“He has annoyed you—that is quite enough; but I wish he was a younger man.”

“He is not young enough to thrash, and he is not quite old enough to ignore; all the same, we shall have to ignore him. But, you Quixotic person, would you really thrash a man because I asked you to?”

“If you asked me to thrash a man, I should know he well deserved thrashing, and I—should enjoy it.”

“You’re more man than minister, after all,” said Mary, more to herself than to him.

“Better man, better minister. Do you think I could have had any sort of influence over my colliers at Cowdenbeath if I couldn’t fight? I can’t fence, but I can box. I’ll teach the Duke, if you like.”
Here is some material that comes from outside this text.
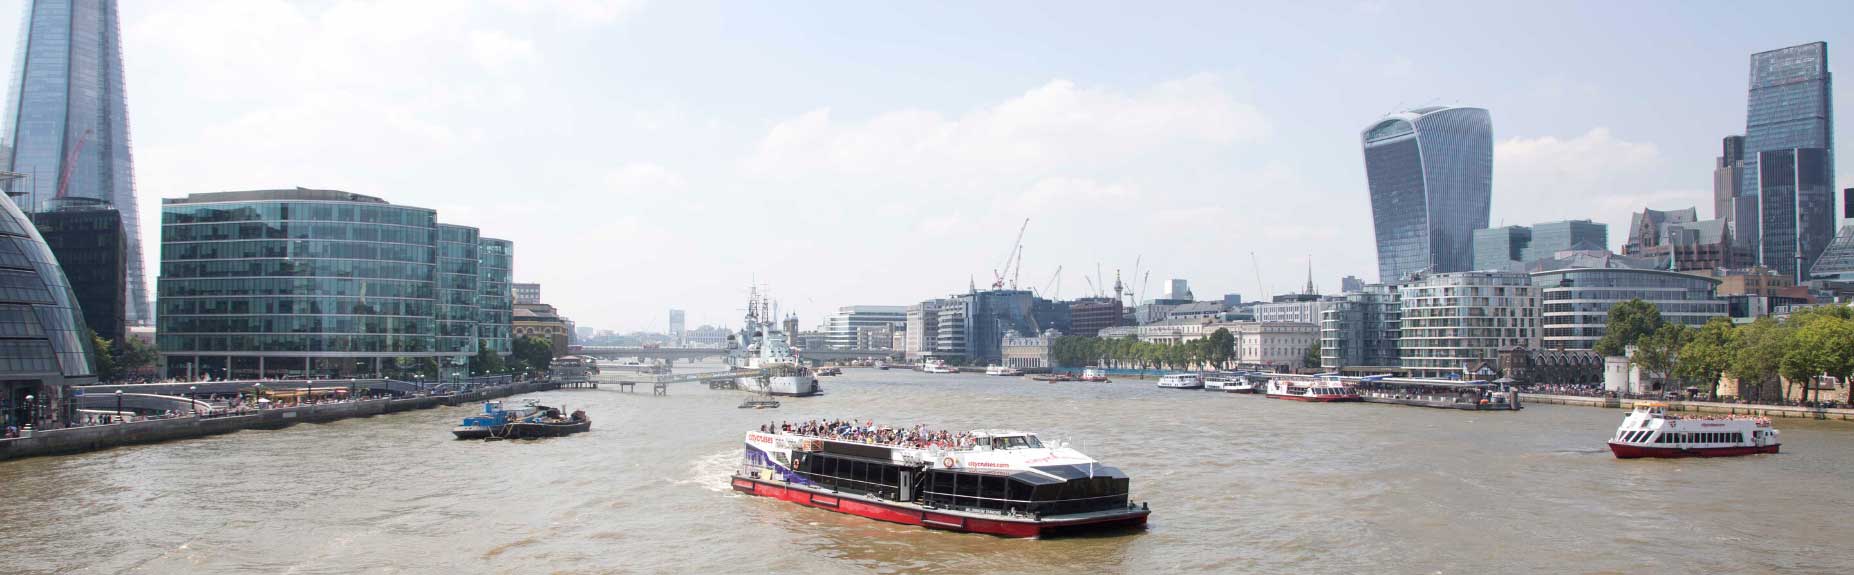 Hai chiếc thuyền city cruise trên sông Thames thành phố ở hai bên

“Why don’t you ask me what Colonel Colquhoun has done?”

“Because if you want to tell me, you will tell me; and if it is unpleasant to you to tell me, why should you?”

“It’s as unpleasant as it is necessary I should tell you, because we must both publicly contradict a foolish report that has got spread abroad in Elgo to the effect that we are to be married.”

Mary did not blush as she spoke, but the minister crimsoned to the roots of his hair. “I am too sorry you should have been subjected to this annoyance. You know what my feeling for you is; you also know that I have not the right to ask a fisher lass to marry me. I am nothing, and have nothing; but you have let me lay my great love at your feet.”

Mary made a little sound, half sob, half laugh, and held out her hands to him in a helpless, unseeing way that went to his heart. He caught them in his own, and looking into the dear face with purple shadows painted by tears under the eyes, he knew that she, too, cared.